TEHRAN, Iran (AFP) — Iran signed a deal with France’s Total on Tuesday to develop a major offshore natural gas field, its first big contract with a Western energy firm since sanctions were loosened in January.
Total will lead a consortium also including China National Petroleum Corporation (CNPC) and Iran’s Petropars to develop Phase 11 of the South Pars field under a 20-year contract worth $4.8 billion (4.3 billion euros).
The project will eventually supply 50.9 million cubic meters (1.8 billion cubic feet) of natural gas per day into Iran’s national grid, and marks a breakthrough in the oil ministry’s efforts to attract Western investment and know-how to improve its outdated energy infrastructure.
The companies involved signed a memorandum of understanding in Tehran on Tuesday, and the final agreement will be signed early next year, Total’s head of Middle East exploration and production, Stephane Michel, said.
It is the first deal of its kind since most international sanctions on Iran were lifted in January under a nuclear deal with world powers.
Iran’s vice minister for oil, Amir Hossein Zamani Nia, said another major deal with a European company would be signed “in two to three weeks.”
Tuesday’s signing represents Total’s return to Iran, which has the second-largest gas reserves and fourth-largest oil reserves in the world.
Total helped develop phases two and three of South Pars, but effectively left Iran four years ago when France joined European Union partners in imposing sanctions, including an oil embargo.
“We’re the first Western major to return to Iran. We’re very happy,” Total chairman Patrick Pouyanne told AFP.
“It’s important because it’s always when we innovate and when we are first that we score points,” he added.
Iran’s Oil Minister Bijan Zanganeh thanked Total and CNPC for working with Iran despite “difficult conditions.”
“I hope the international companies that are still hesitating to come to Iran will be encouraged to take the leap,” he said.
‘A field we know well’
The South Pars field in the heart of the Gulf is shared by Iran and Qatar, and contains some 14 trillion cubic meters (494 trillion cubic feet) of gas — 8 percent of the world’s known reserves.
“It’s a field we know well because we produce on the Qatar side,” Pouyanne said.
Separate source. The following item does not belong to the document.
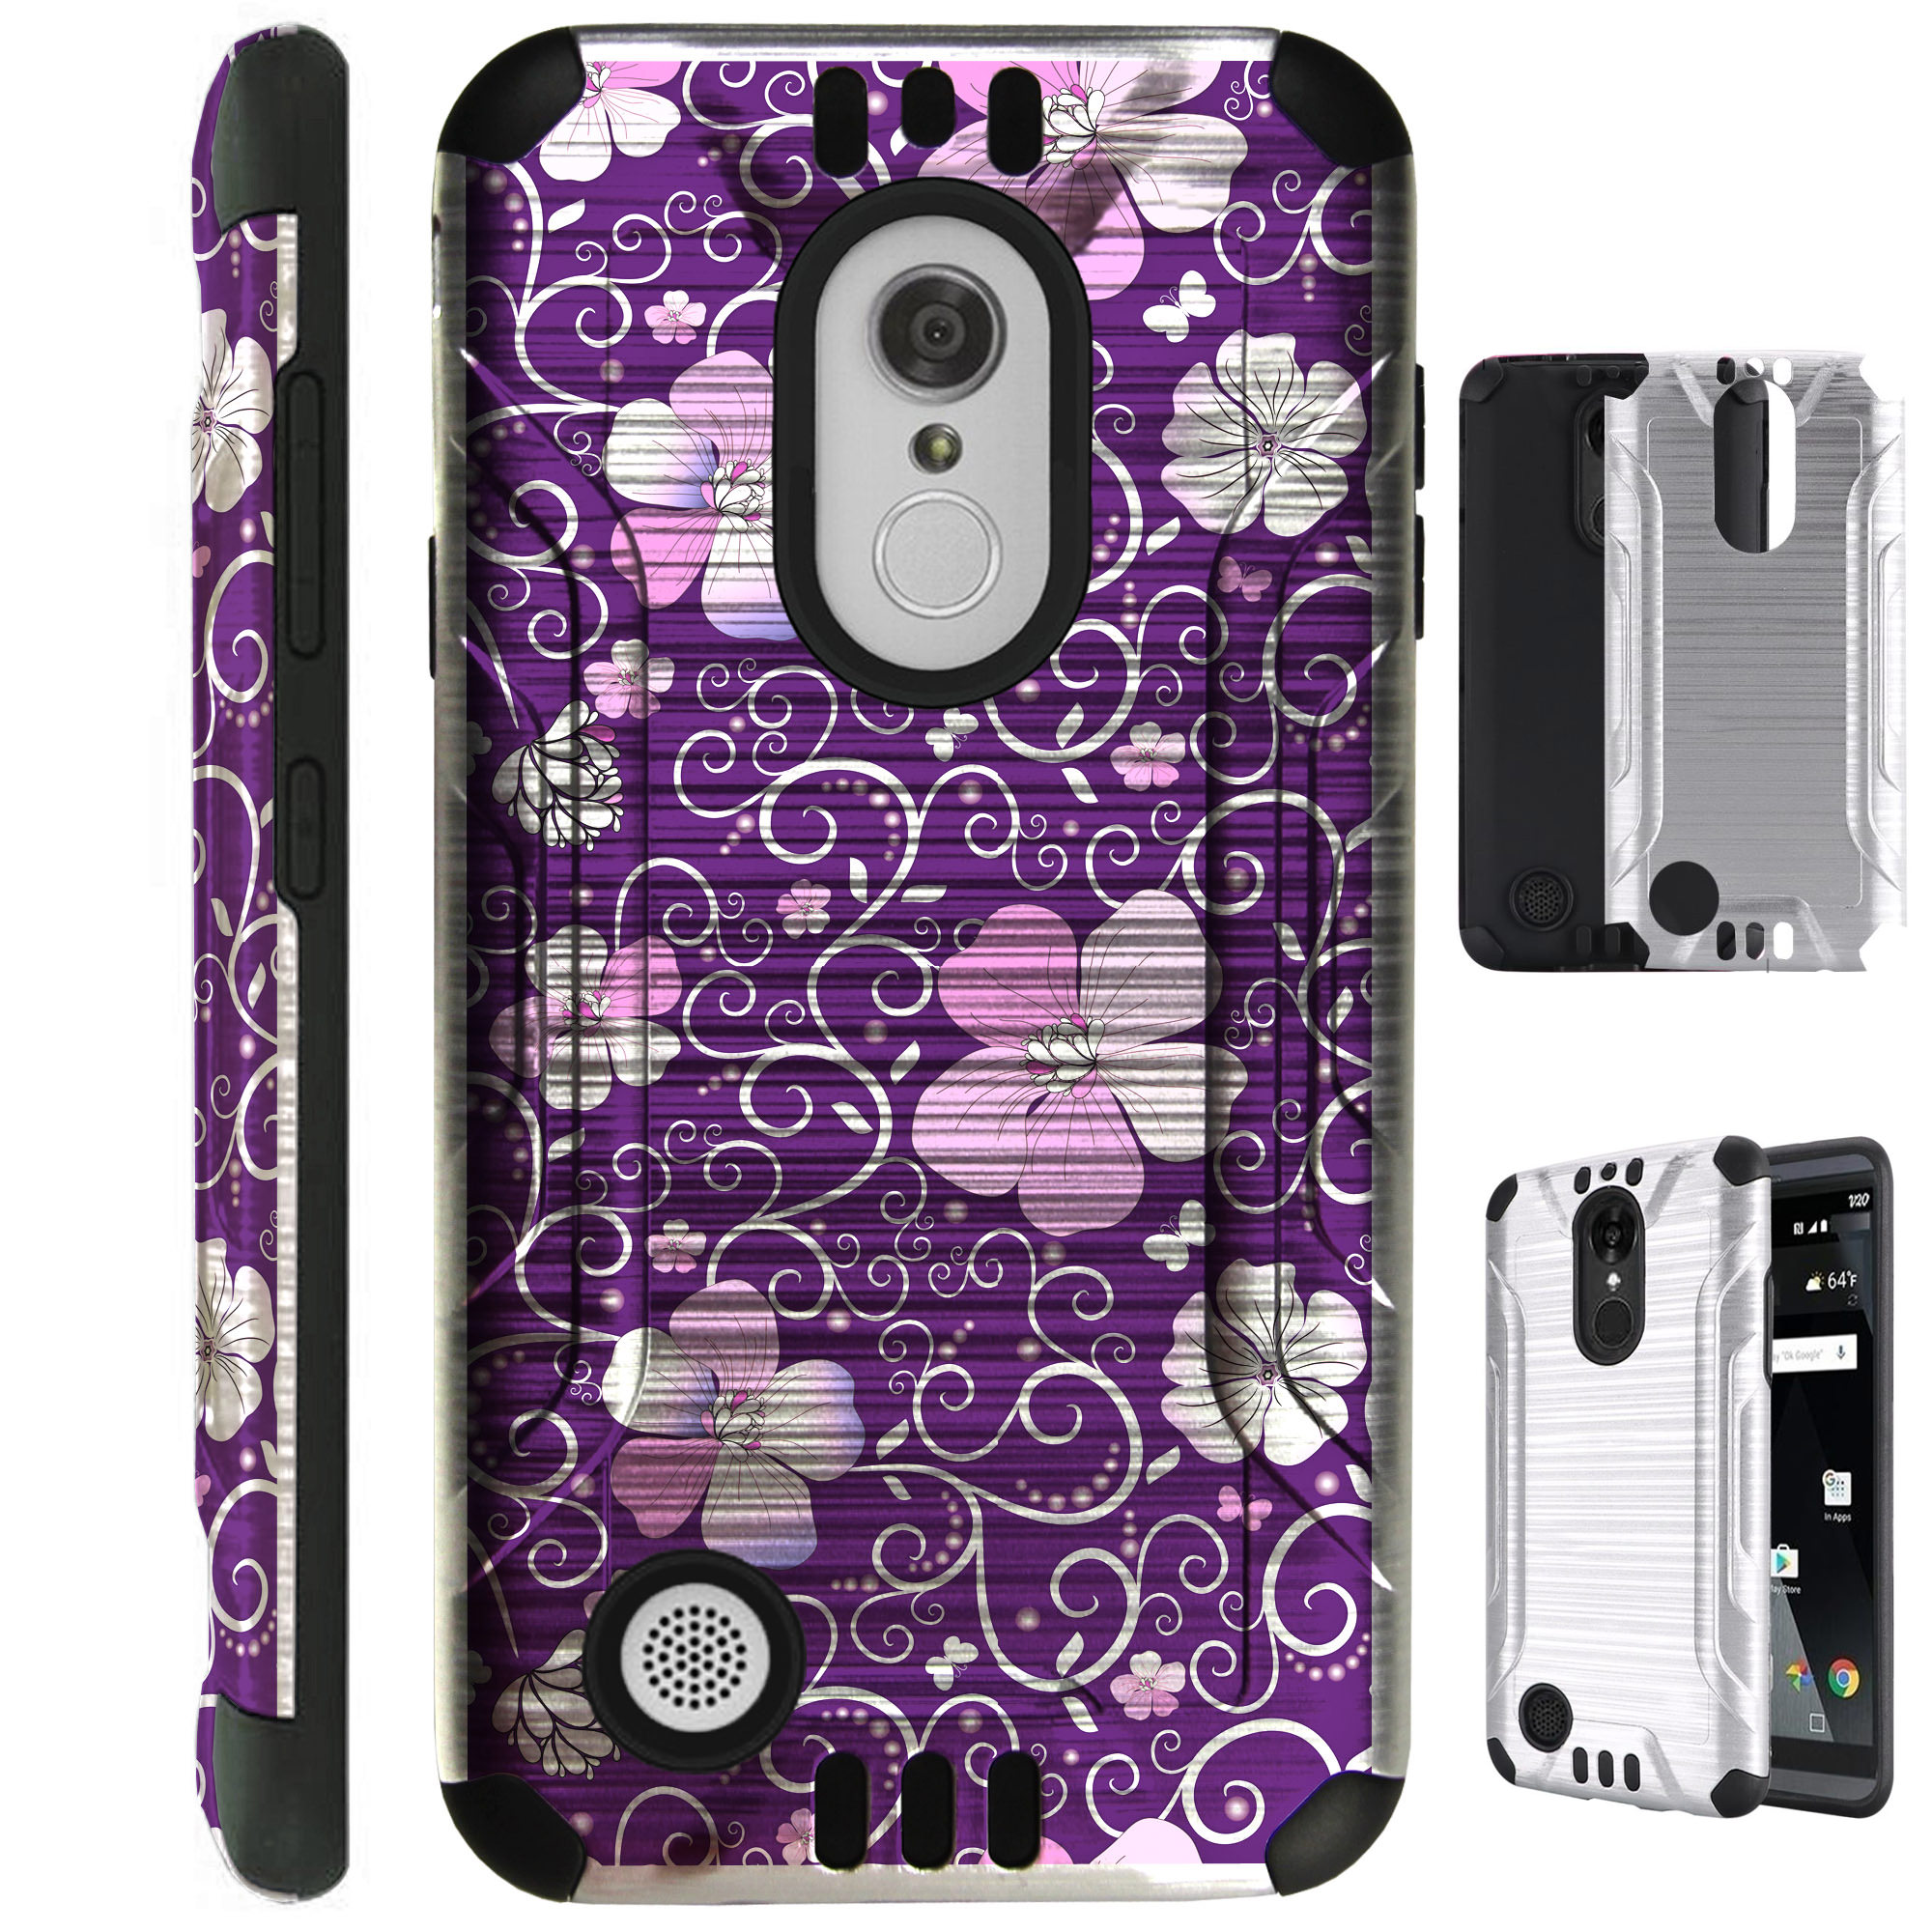 For LG Stylo 3 / LG Stylo 3 Plus LS777 Case Brushed Metal Texture Hybrid TPU Metallic Guard Phone Cover (Purple Flowe Vine)

He said there would be none of the banking problems that have bedeviled recent trade deals with Iran, because Total would use its own cash.
Despite the nuclear deal, the United States has maintained a raft of other sanctions, leaving global banks fearful they could still face massive fines for doing business with the Islamic republic.
Nonetheless, Tehran has been inundated by trade delegations from Europe in recent months. France has led the way, with major deals already lined up for Peugeot and Renault.
Total first signed an agreement back in 2004 to develop Phase 11 and a gas plant at South Pars, but it was never finalized.
Under the new deal, Total will control 50.1 percent of the consortium, with CNPC taking a 30% stake and Petropars 19.9 percent.
The first phase will cost around $2 billion and consist of 30 wells and two well-head platforms connected to existing onshore treatment facilities.
Despite the government’s hunt for Western partners, a history of foreign exploitation has left Iran highly sensitive to the presence of international firms in its energy sector.
Iranian officials announced last month that they would invite the first tenders for oil projects within two months and that foreign firms would be allowed to take lead roles.
But that sparked criticism from some conservatives, and Zanganeh later clarified that two domestic conglomerates would also be allowed to bid to lead the projects.
The conglomerates were identified as Khatam Al Anbia, which is controlled by the elite Revolutionary Guards, and Setad, which is supervised by the supreme leader’s office.